(Beginning of INFORMATION SUPPLIED)
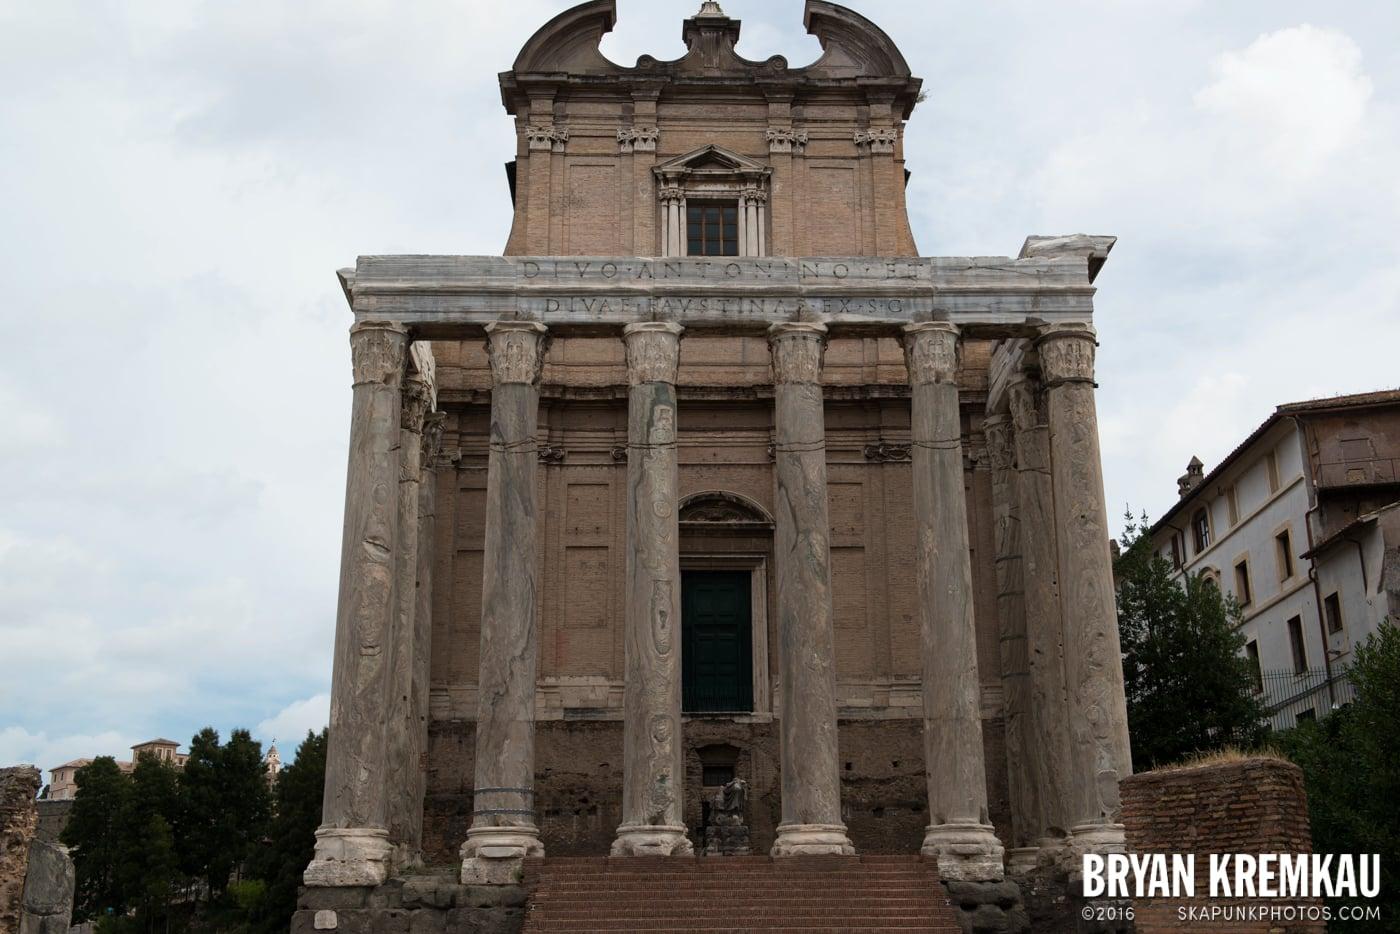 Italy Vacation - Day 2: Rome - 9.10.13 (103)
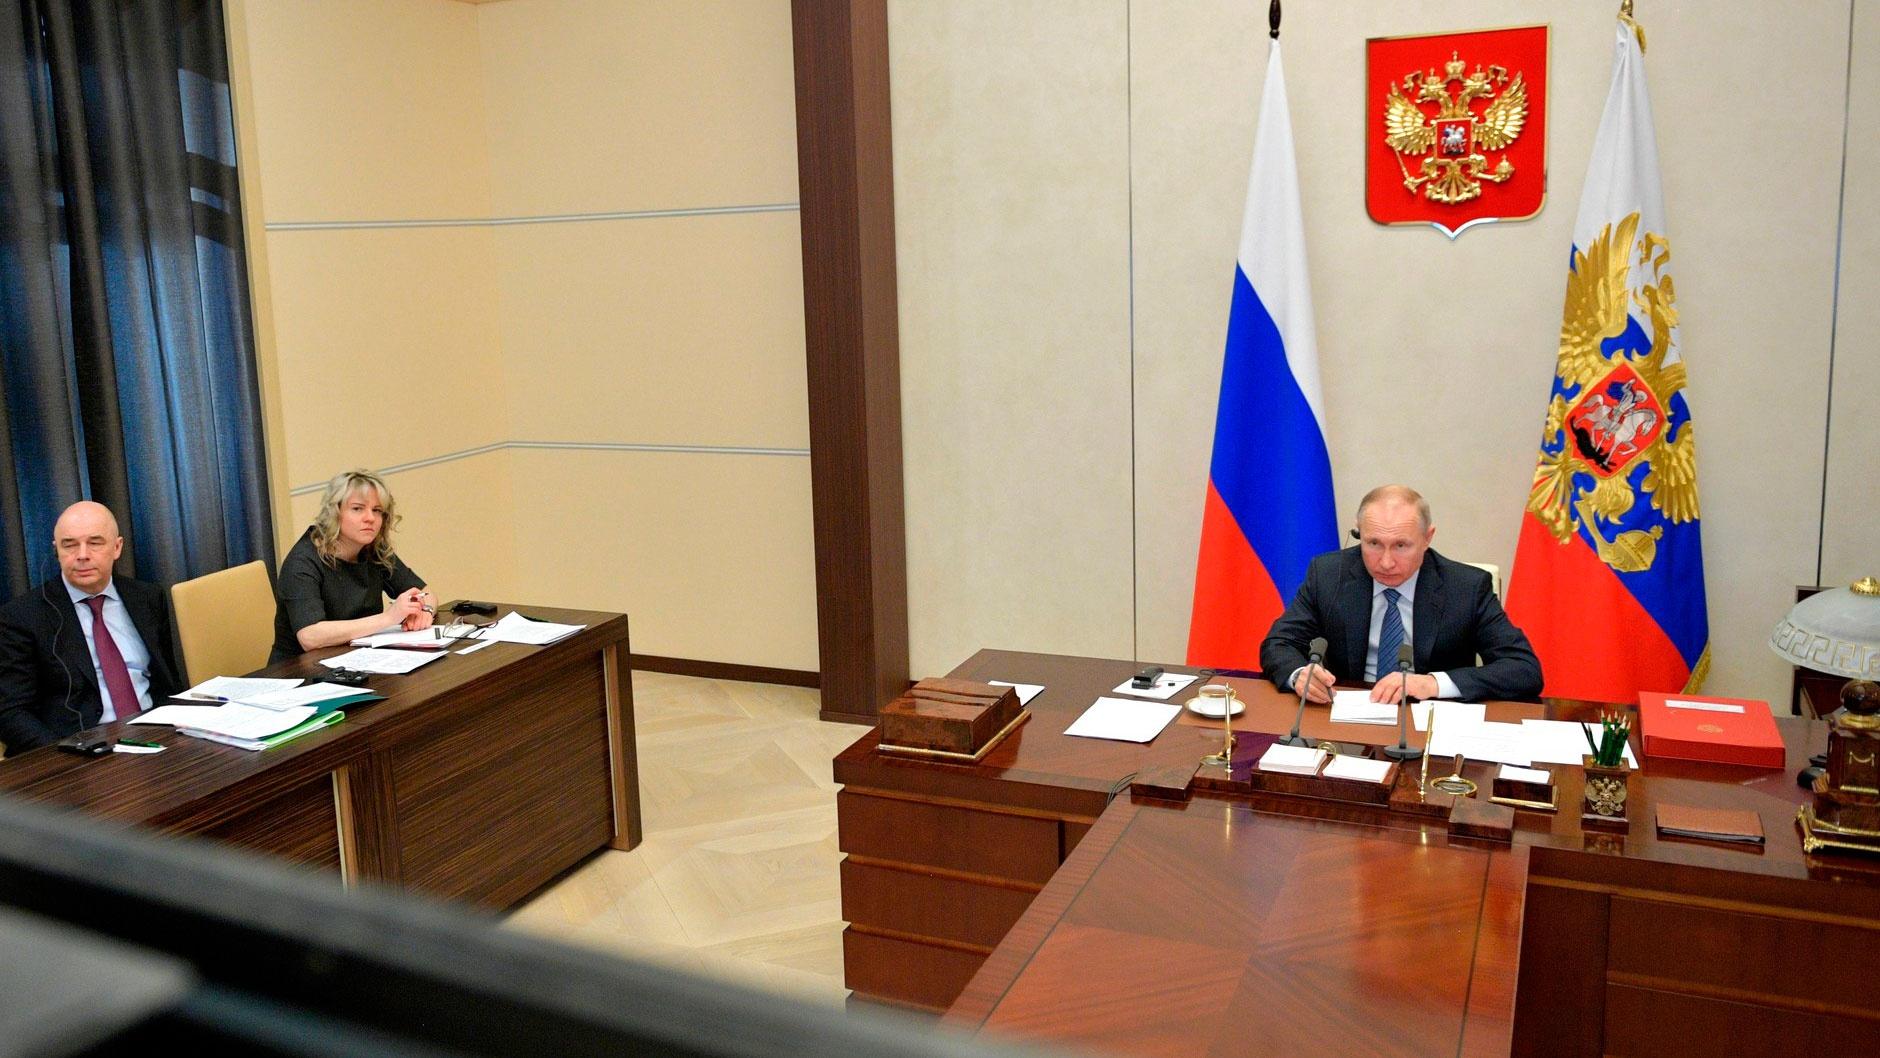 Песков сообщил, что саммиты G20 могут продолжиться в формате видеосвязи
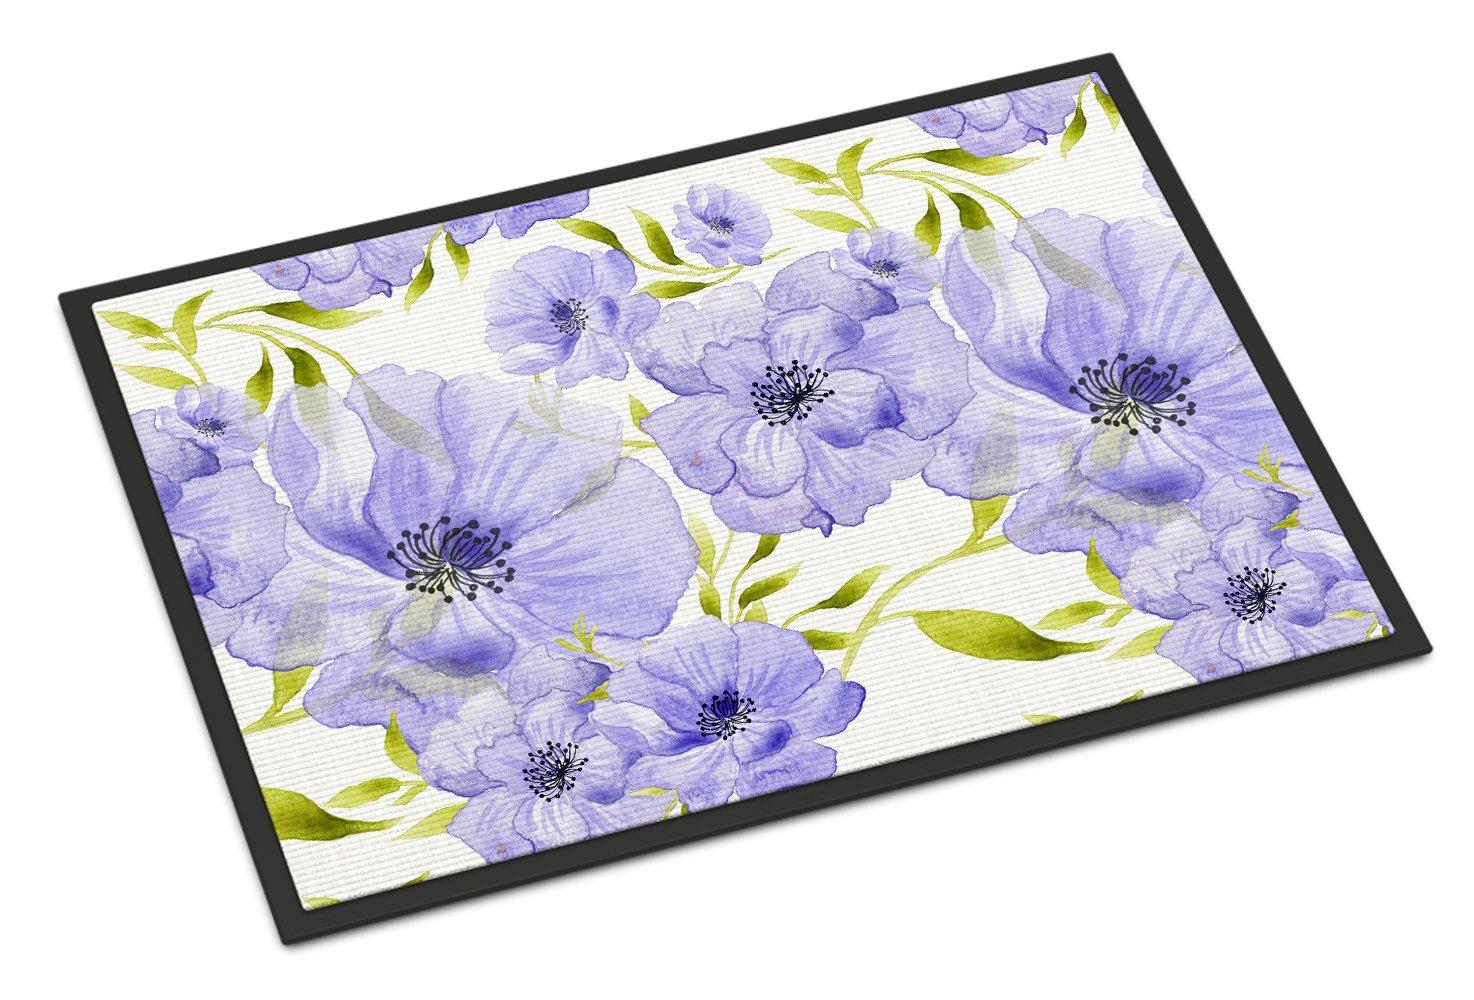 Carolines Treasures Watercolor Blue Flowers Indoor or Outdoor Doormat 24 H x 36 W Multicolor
(End of INFORMATION SUPPLIED)
TASK OBJECTIVE »
Lines before the one containing "Песков сообщил, что" are not wanted; write out that line and every later line through the end of the data above, exactly, without pictures.

EXERCISE SOLUTION »
 Песков сообщил, что саммиты G20 могут продолжиться в формате видеосвязи
 Carolines Treasures Watercolor Blue Flowers Indoor or Outdoor Doormat 24 H x 36 W Multicolor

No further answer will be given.